Section 59(1) of the factories act, of 1948 provides that:
"
Where a worker works in a factory for more than nine hours in any day or for
more than forty-eight hours in any week, he shall, in respect of overtime work,
be entitled to wages at the rate of twice his ordinary rate of wages".
This was done to provide the workers who were forced to do overwork doesn't
leave out without getting the benefit of their work as it was often seen that
the factory owner didn't provide overtime allowances and deprived them of the
benefit for the extra work that they did. So this overtime allowance not only
protects workers' rights but also provides them with the option to earn more
with extended work in the factory.
But in the present case which we are focusing on is whether the government
employees working in the factory can derive the benefit of double overtime
allowance as provided in the factories act. This question was the main
contention in
Security Printing & Minting Corporation of India Ltd. & Ors.
Etc vs Vijay D. Kasbe & Ors. Etc. In this case, the Bombay High Court held
that the government employee working as a Supervisor in the factory will be
entitled to get a double overtime allowance.
The High Court in their verdict were of the view that the Supervisor employees
were similarly placed with the other employees and thus were entitled to have
the same benefit. However, it was found by the High Court that some of the
employees had already compromised with the management, so the relief was granted
to only those employees who had not done the compromise of the matter with the
management.
The Supreme Court bench comprised Justices V Ramasubramanian and Pankaj Mithal
in their judgement regarding the question as to whether government employees
would be entitled to get the benefit of overtime allowance as per the Factories
Act held that the government servants cannot claim double overtime allowance if
the service rules do not provide for the same.
While coming to the conclusion related to the case, the SC provided that there
are three different types of employment categories present in the country. They
are
- Employment is governed specifically under labour welfare legislation and
is statutorily protected in order to protect them from exploitation and
unfair labour practices.
- Employment who are governed solely based on the terms of the contract
and falls outside the purview of the labour court legislation.
- Employment in the civil services or civil post of the Union or the
State.
With this, the Court is of the opinion that the supervisors as employed in the
factory specifically come under the third category which is the person who is
holder of civil post or civil services under the Union or the state. They can't
be in the same categories as that of someone who is solely based on a contract.
By deducing this it can be said that the supervisor employees in question are
not in the same category as the workers who are working in the factory.

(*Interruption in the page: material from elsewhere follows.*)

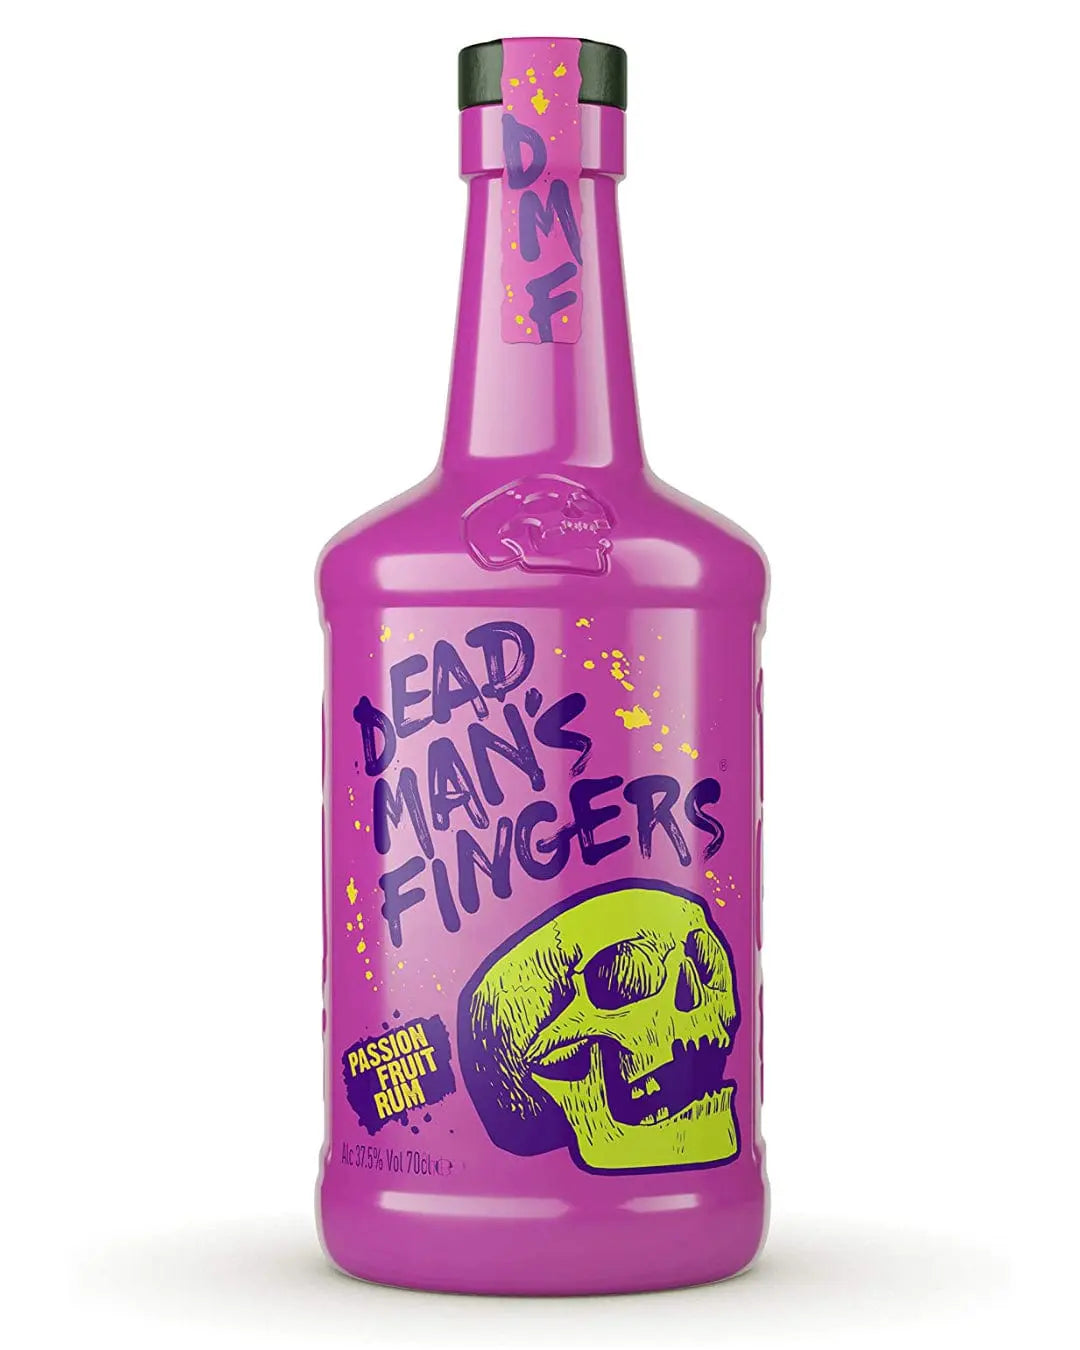 Dead Man's Fingers Passion Fruit Rum, 70 cl Rum

This is because workers are employed based on the contract formed and are not
provided with a periodic pay provision, pension or any other benefit that a
government employee would get. Another thing that needs to keep in mind will be
looking for the distinction between government servants and workers is that the
appointment for a civil post or civil services by government agencies is not
governed on the basis of the contract of service or solely by labour legislation
but on the basis of state or statutory rules issued under Article 309 or its
proviso.
Furthermore, government employees are required to place themselves to be ready
at the disposal of the Government all the time which means that they can be
employed in any manner and asked to perform the duty they have been called upon
by proper authority. While doing the work apart from the usual work hour they
are without any claim for additional remuneration apart from the general pay
that they get. Now as the service rules deny any chance for the employees to be
given a double overtime allowance they won't be eligible to get the same under
the Factories Act, of 1948.
Section 59 of the Factories Act is provided specifically to protect factory
workers from overtime work than the stipulated time and to protect their human
rights while keeping in check that they are treated as humans not as objects
which can be forced to do work without providing any benefit and keeping them
safe. So putting them in the same bracket as the government worker would be
foolishness as they don't get the same benefit as the other one and the law
governing both sets of workforce is also different.

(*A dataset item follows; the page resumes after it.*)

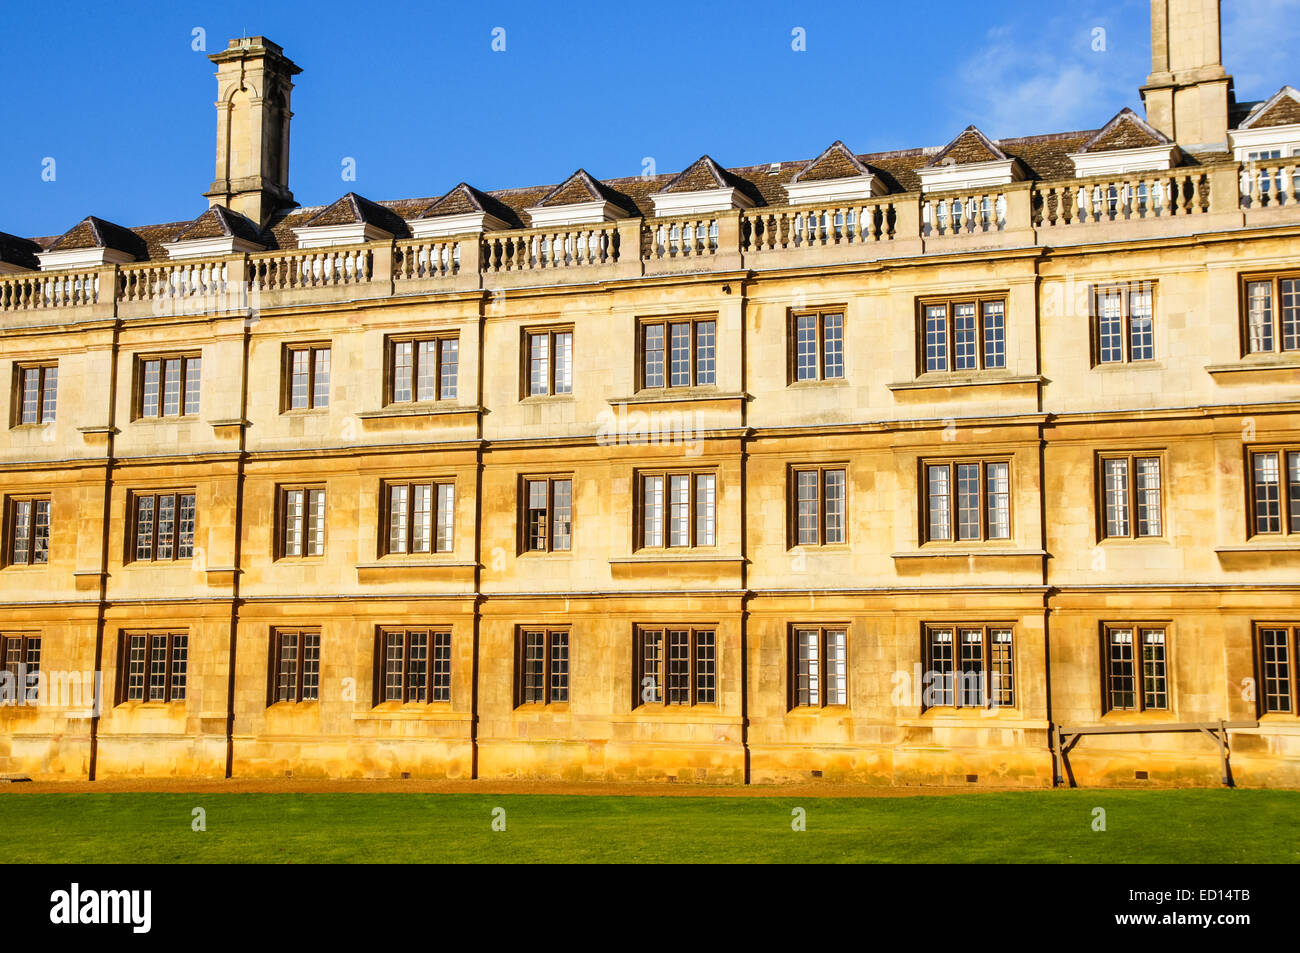 L'Université de Cambridge, windows de Clare College, Cambridge Cambridgeshire Angleterre Royaume-Uni UK Banque D'Images

So the Supreme Court bench in their judgment while setting aside the Bombay High
Court provide a significant ruling that the government employees are not
entitled to the double overtime allowance as per the Factories Act because being
appointed in a civil post or civil service, the service rules do not provide for
the same and thus can't get the benefit provided in the factories act. Allowing
this would result in government employees getting the benefit of best of the
both worlds thus giving them an unequal advantage over the other employees.
The SC further noted that the Tribunal and the High Court should have tested the
claim made in the case and examined "whether it is an attempt to get the best of
both worlds" which they clearly failed to do so. They also noted that both the
Tribunal as well as High Court while handling the case did not consider the
difference between individuals employed in the government sector and those in
the private sector, along with the impact of the legal regulations on the
working conditions of the people involved in the case. This includes their
responsibility to work additional hours.
Thus with this judgment, the avenue for the government servants to claim
overtime allowance under the Factories Act is closed as the service rule
specifically abhors this and also that the section was provided especially for
manual and contract labours and workers. So this stops them from getting the
benefit from the best of both the world.